| TASK INSTRUCTIONS |
Starting at the line that contains "Game of Thrones", transcribe each line exactly through the end of the data below, and skip any pictures.

| DATA PROVIDED |
§ §
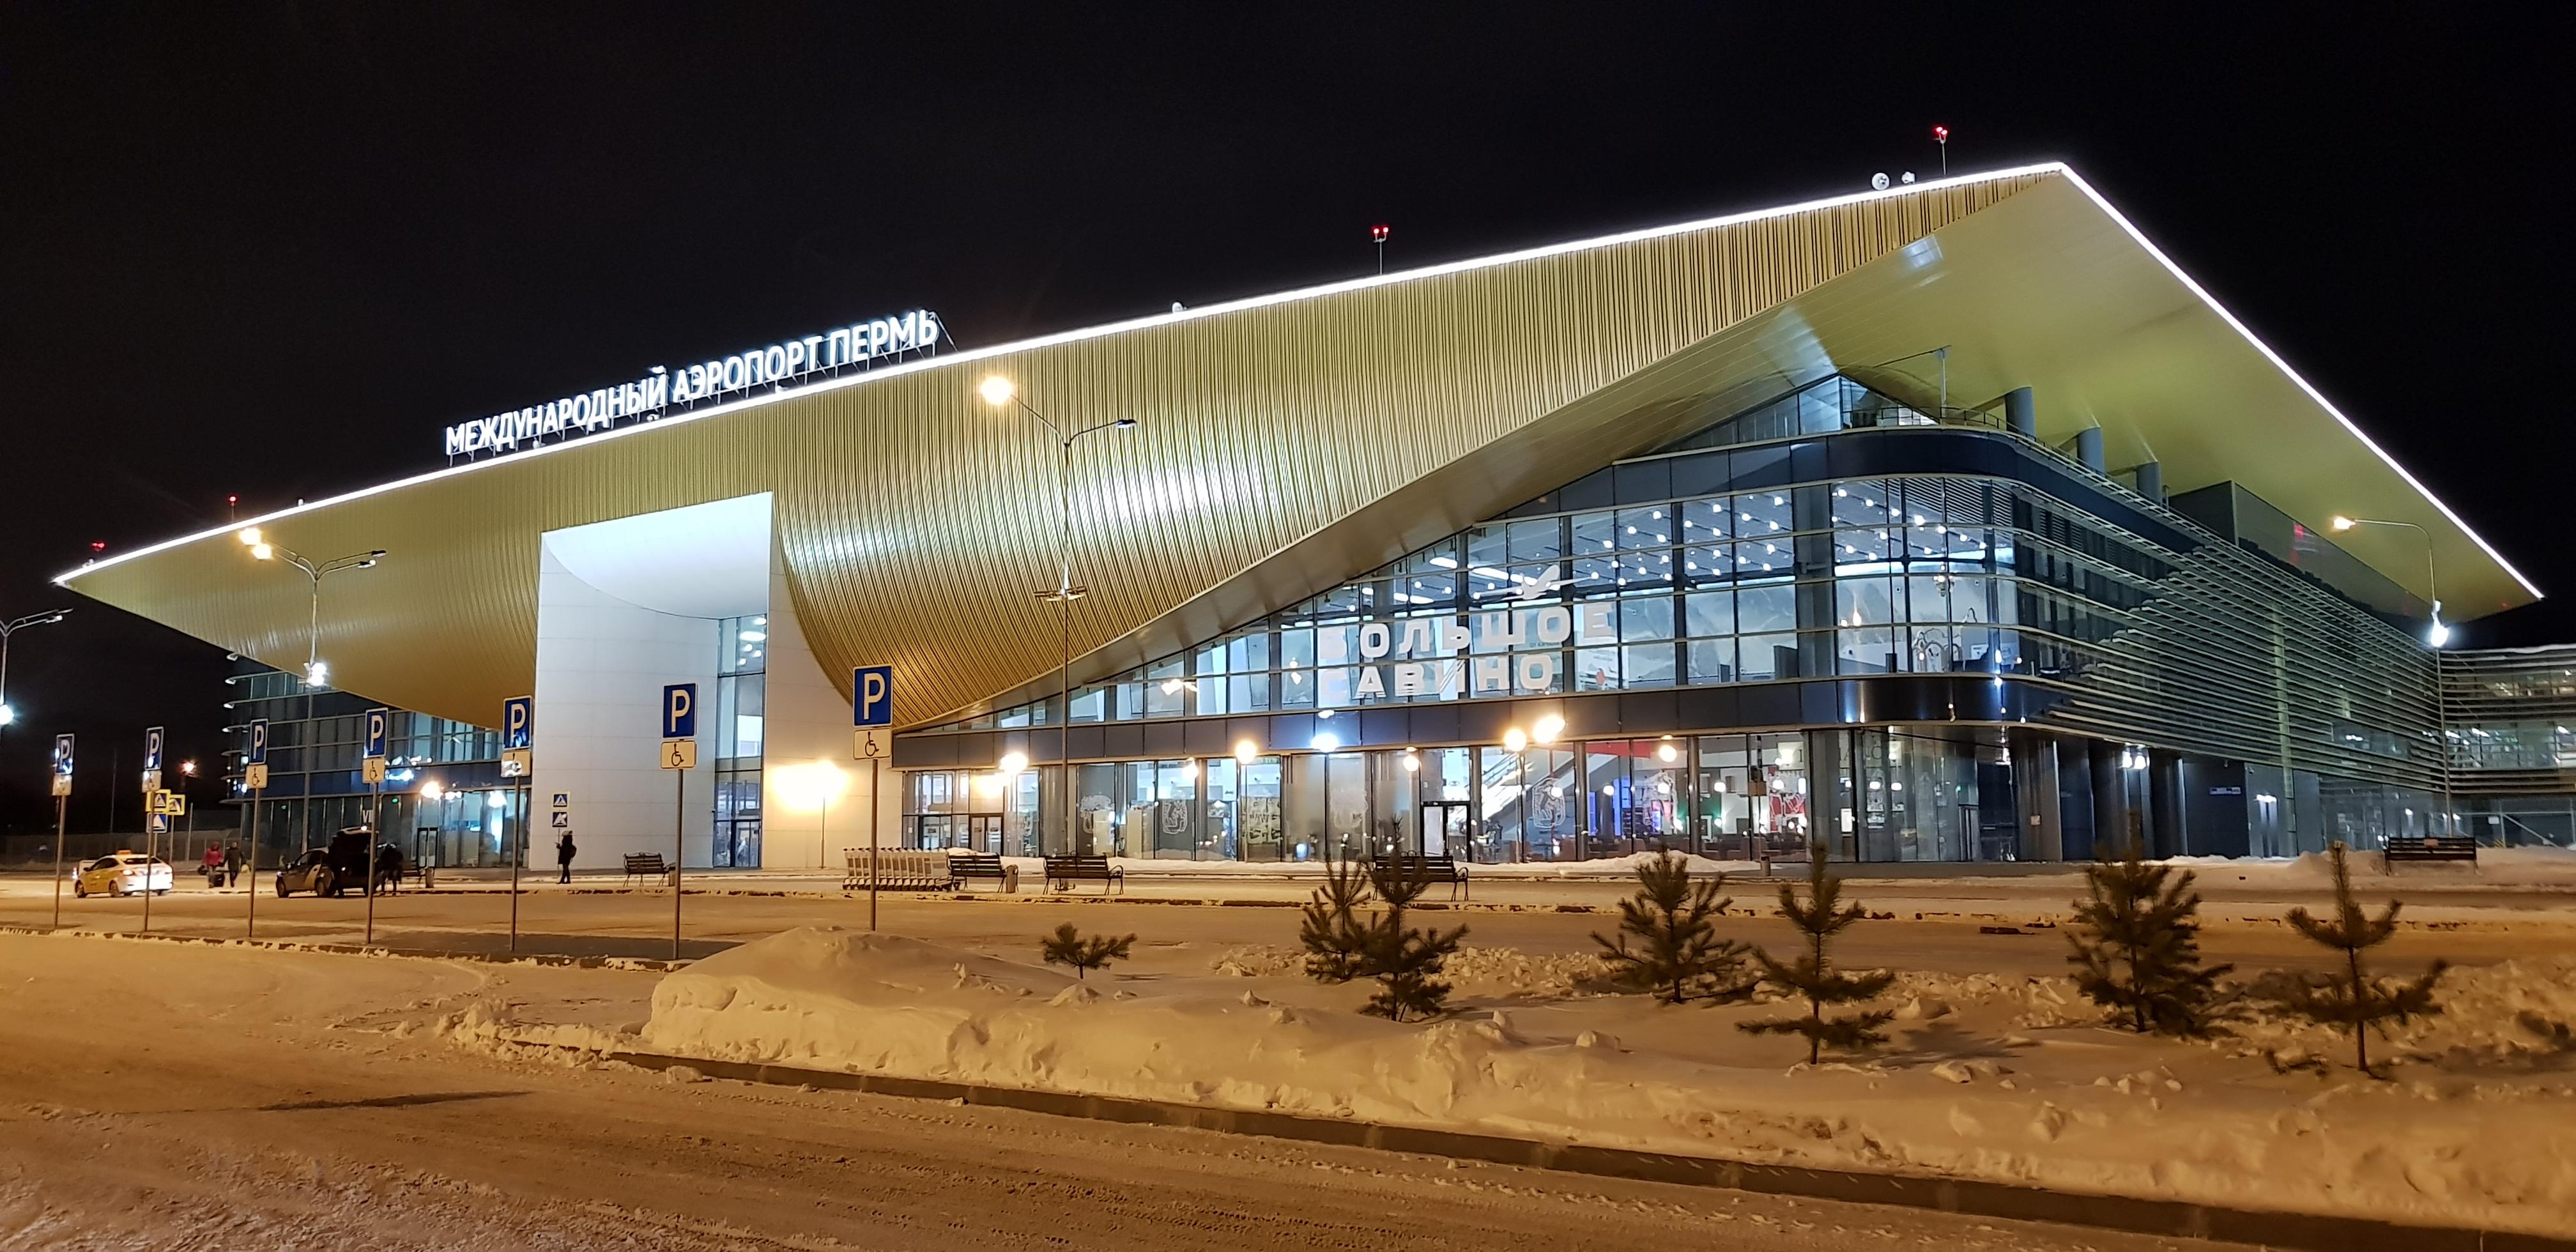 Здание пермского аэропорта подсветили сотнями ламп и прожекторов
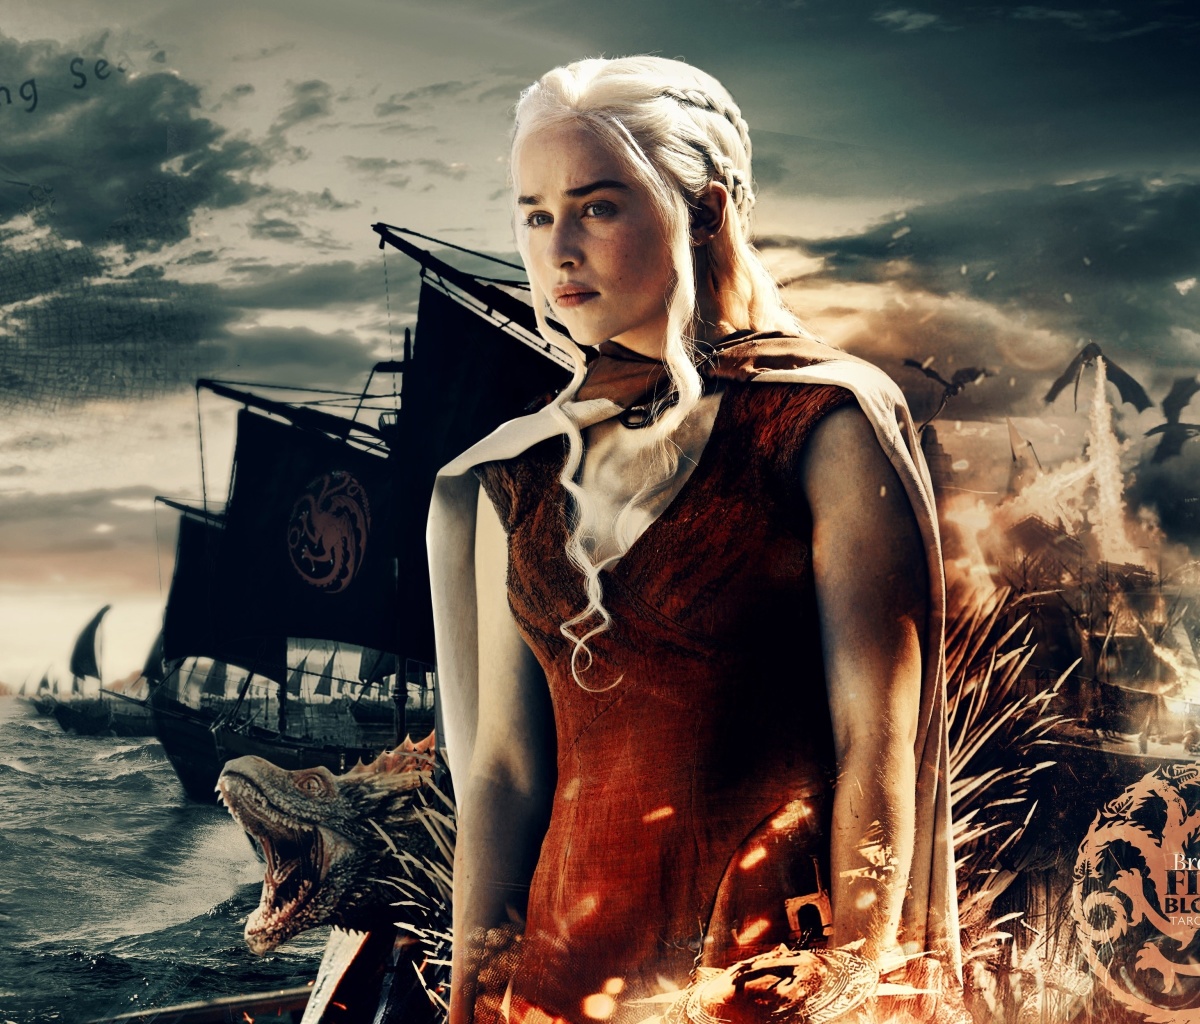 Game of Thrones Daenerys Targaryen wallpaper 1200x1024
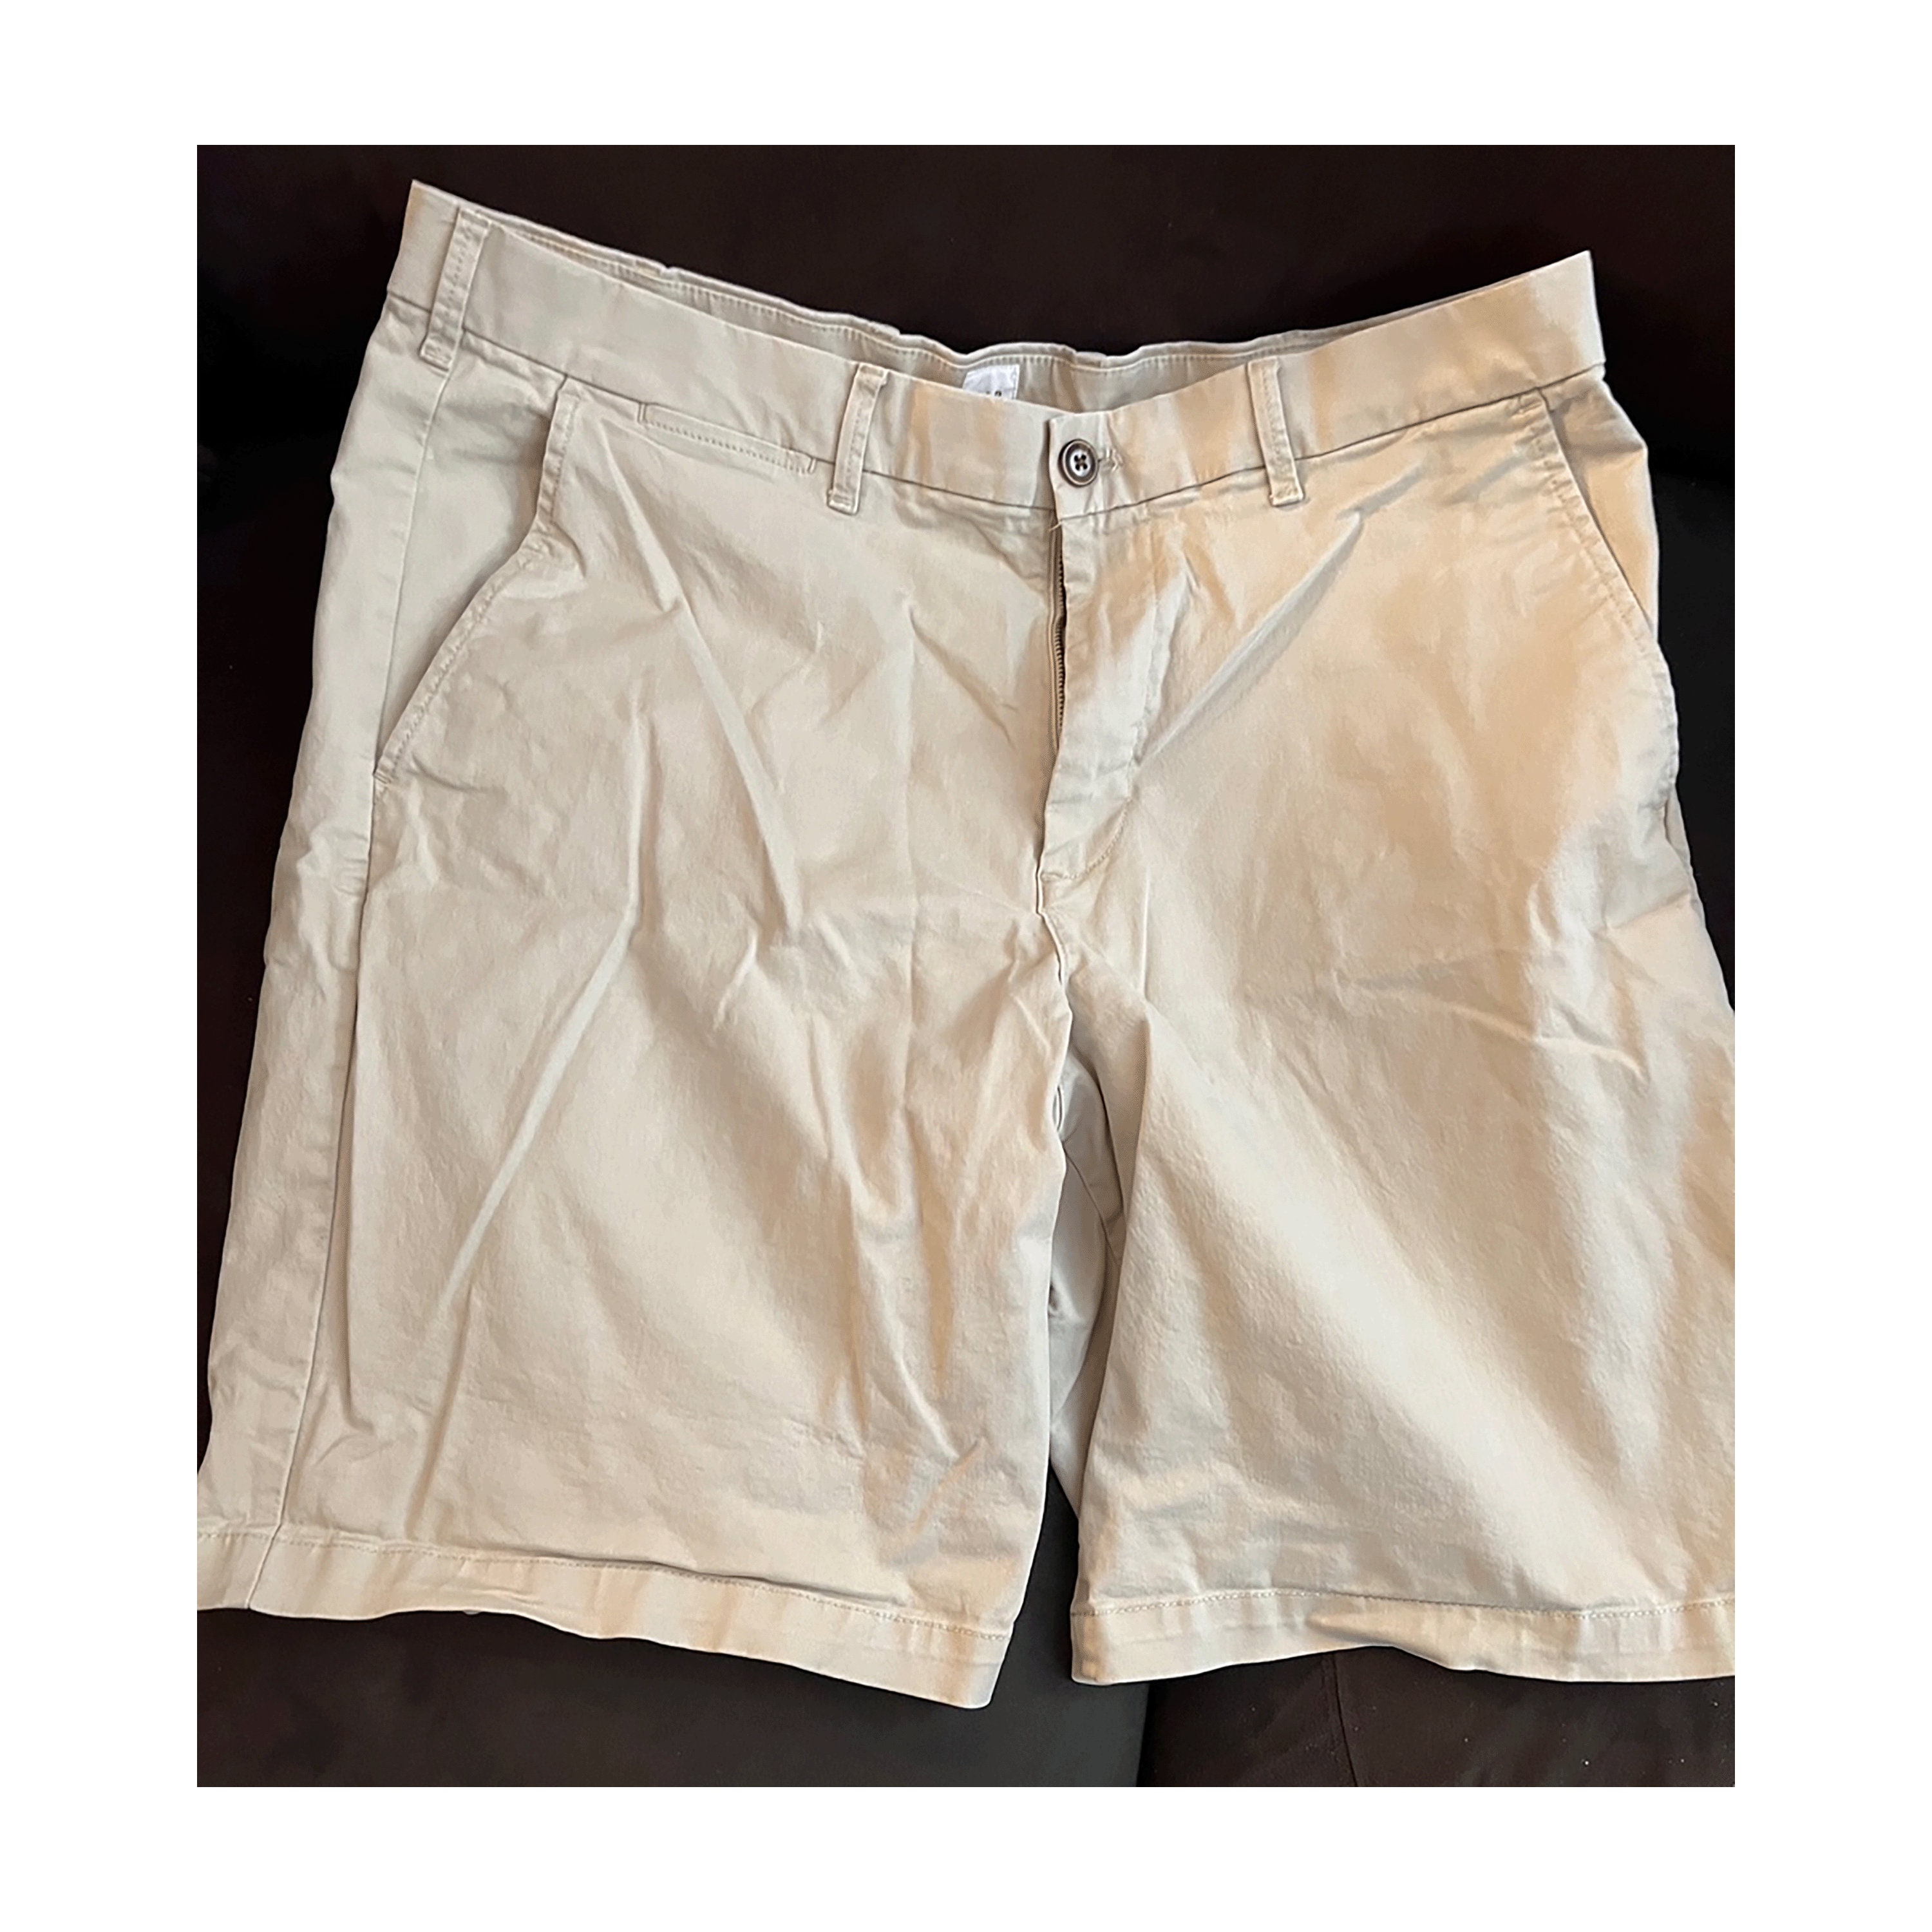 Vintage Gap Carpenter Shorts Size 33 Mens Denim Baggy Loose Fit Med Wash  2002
§ §
| FINISHED TASK |
 Game of Thrones Daenerys Targaryen wallpaper 1200x1024
 Vintage Gap Carpenter Shorts Size 33 Mens Denim Baggy Loose Fit Med Wash  2002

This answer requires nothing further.